Speaker
Description
We present a new cryogenic detector concept that exploits anisotropic phonon focusing in high-purity Ge or Si crystals, combined with high-voltage Luke amplification and phonon spectral filtering, to achieve nuclear recoil (NR) and electronic recoil (ER) discrimination down to ∼1 eV recoil energies. The detector is oriented so that ballistic longitudinal phonons from an event are concentrated by crystal anisotropy into a well-defined caustic on the surface, where a single, ultra-low-capacitance quasiparticle-trap-assisted TES (QET) with high-gap superconducting fins is placed to preferentially capture the high-frequency prompt phonons. The opposite face, instrumented with a conventional CDMS-style QET array using lower-gap fins, also serves as the high-voltage electrode and is optimized to absorb softer, late-arriving Luke phonons.
Nuclear recoils produce a larger fraction of prompt ballistic phonons collected at the focusing hot spot, while electronic recoils generate more late Luke phonons predominantly absorbed by the base. By combining spatial selectivity from phonon focusing with frequency selectivity from superconducting gap engineering, and exploiting the strong bias dependence of the ER Luke component, timing differences and spectral partition between the two faces provide robust NR/ER separation without ionization readout.
This concept directly addresses the challenge of achieving background discrimination at the eV scale, a critical threshold for detecting low-mass dark matter and coherent elastic neutrino-nucleus scattering (CEνNS).

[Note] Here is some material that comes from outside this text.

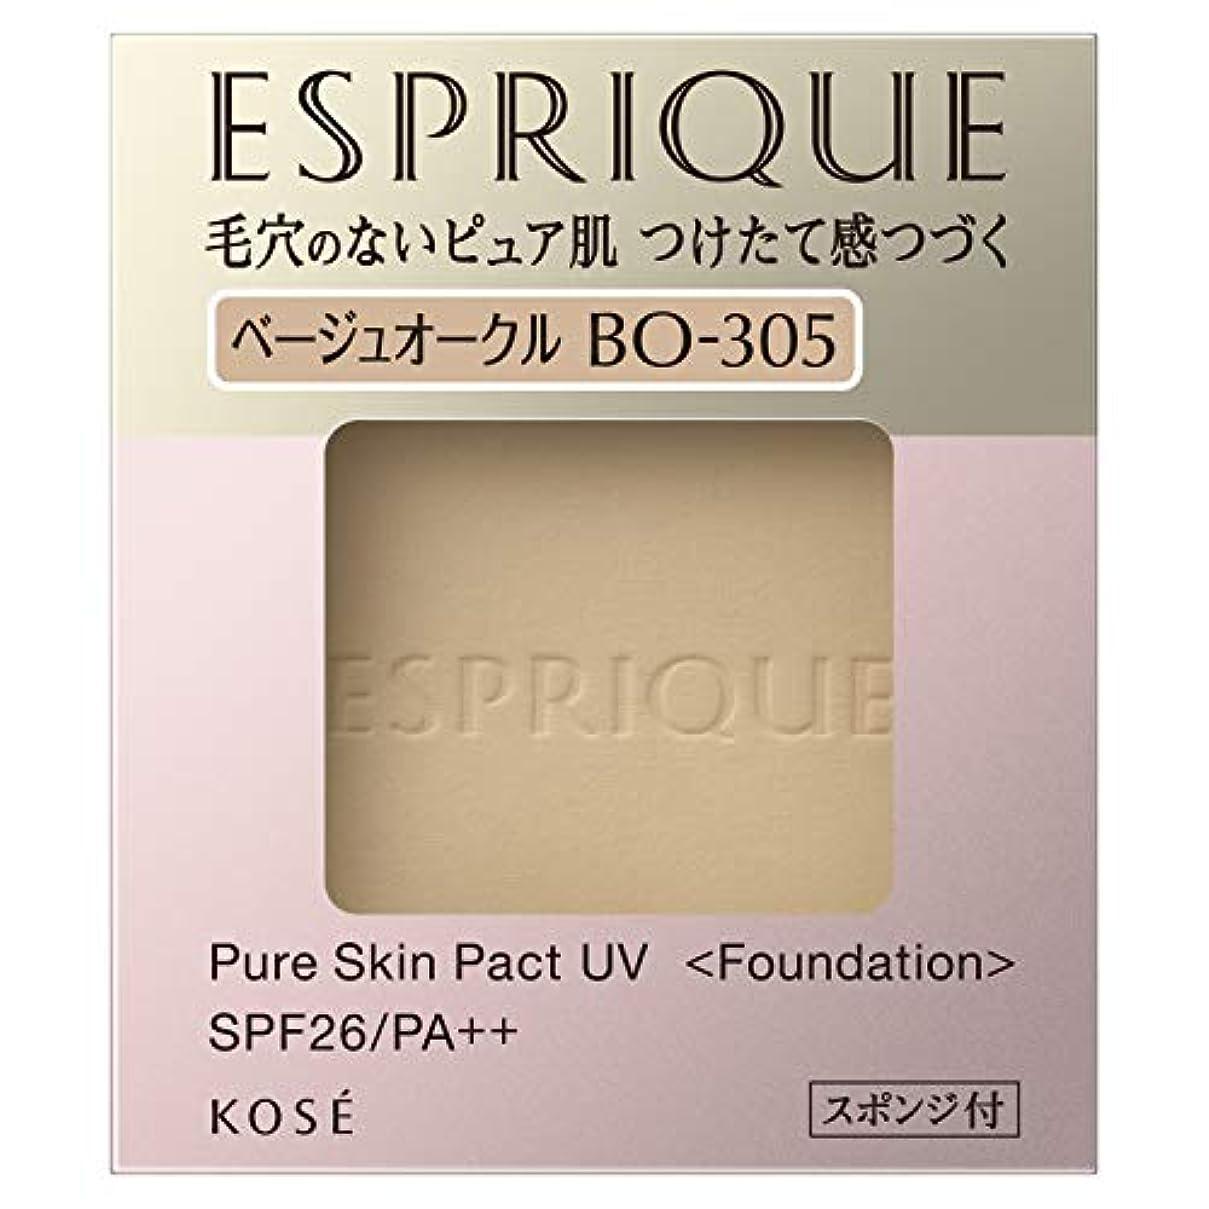 粒死傷者インゲンエスプリーク ピュアスキン パクト UV BO-305 ベージュオークル 9.3g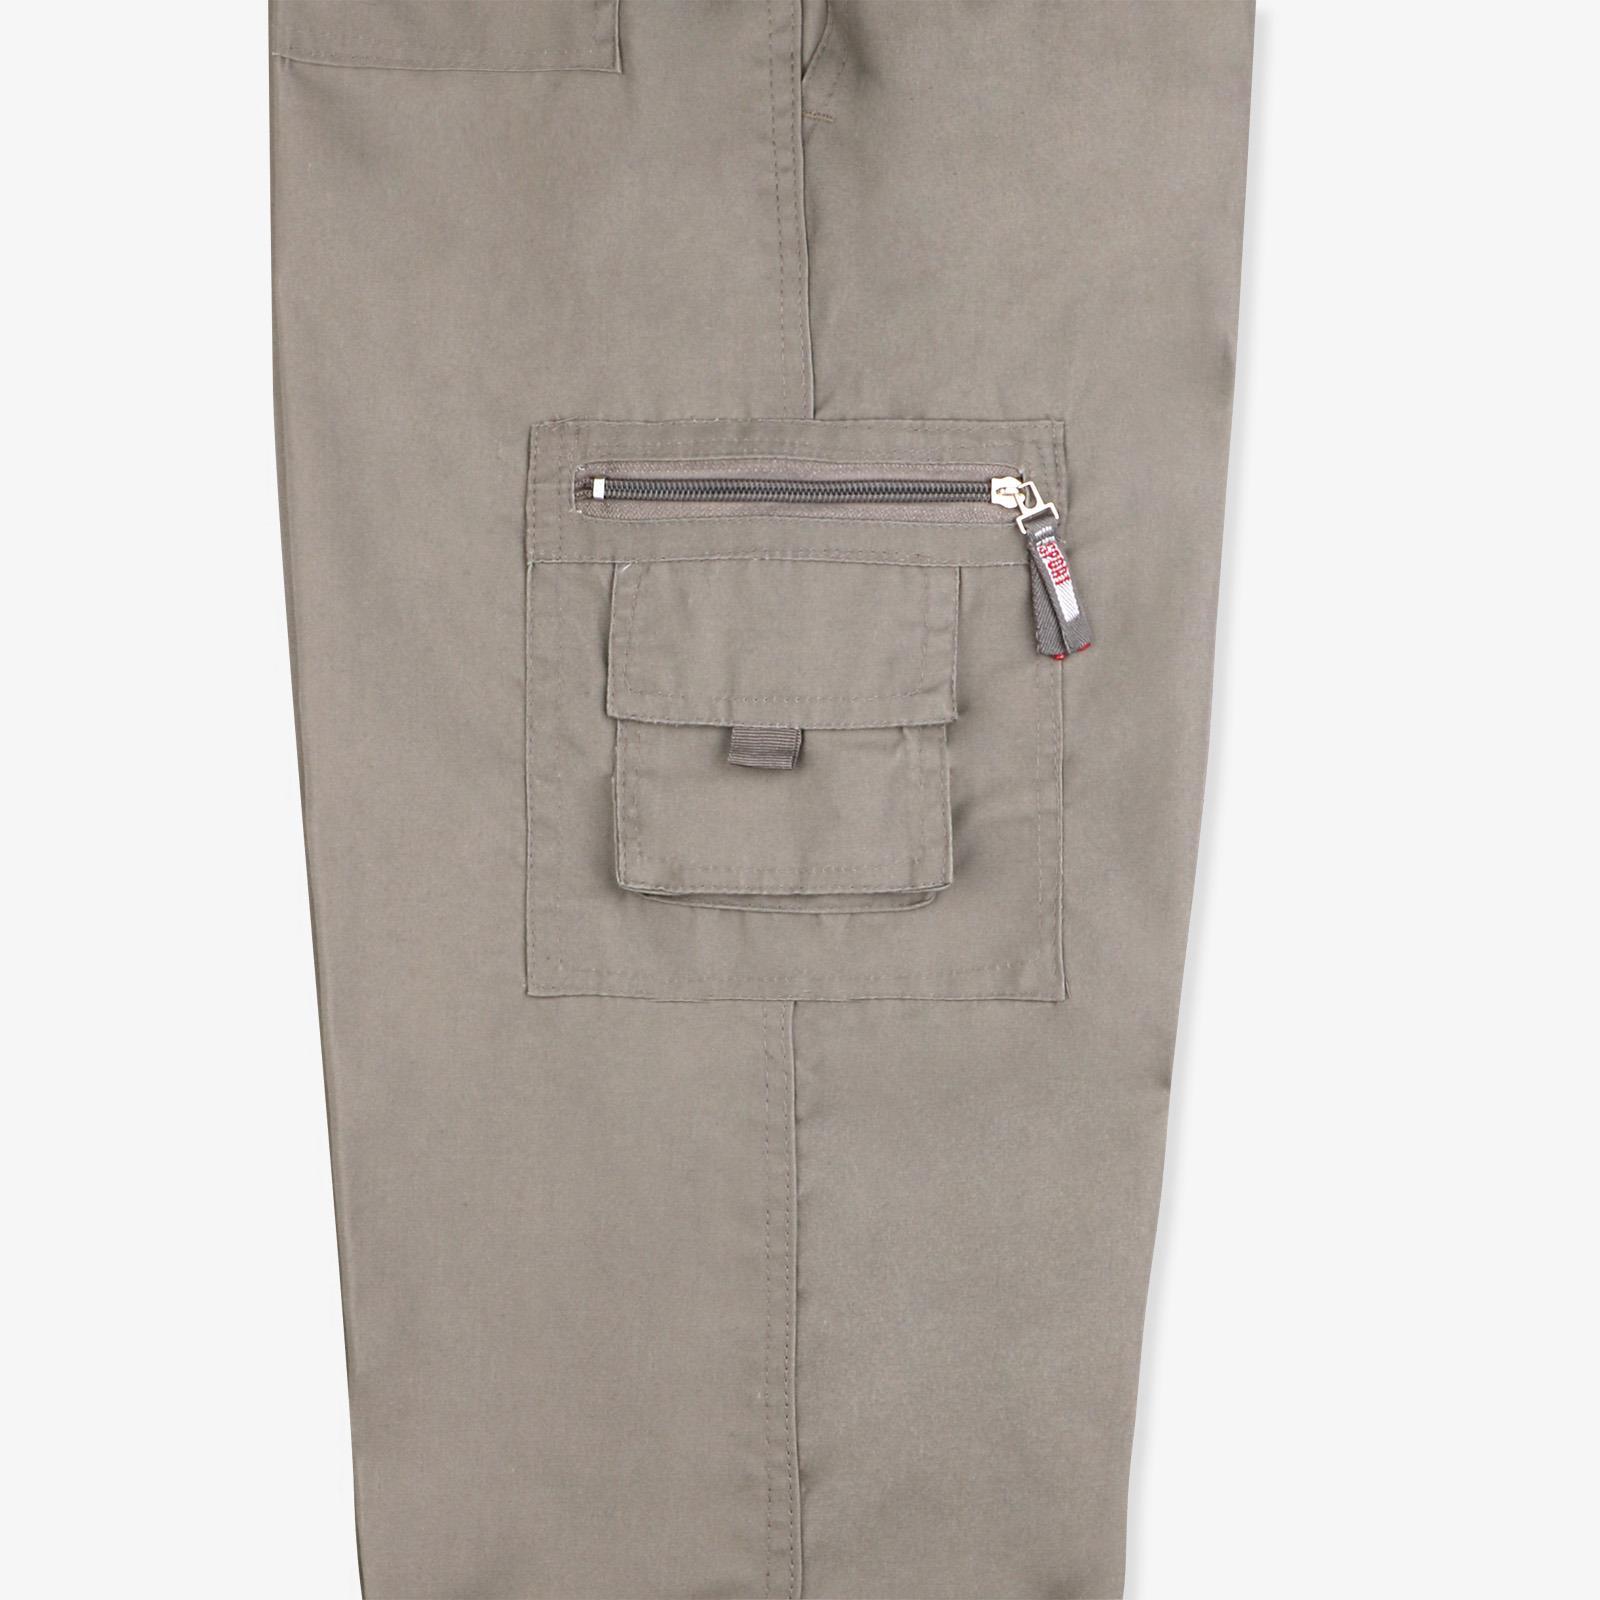 Pantalon-Homme-Cargo-Militaire-Ample-Poche-Grande-Taille-Elastique-Travail miniature 19

Simulations indicate that with <111> orientation, accurate sensor placement, and 50–150 V bias across a 1 cm crystal, discrimination is achievable for individual events. The approach builds on phonon-based detector technologies developed for CDMS but adds the new capability of phonon “color” discrimination and optimized geometry for focusing, representing a significant step toward single-electron sensitivity with phonon-only readout.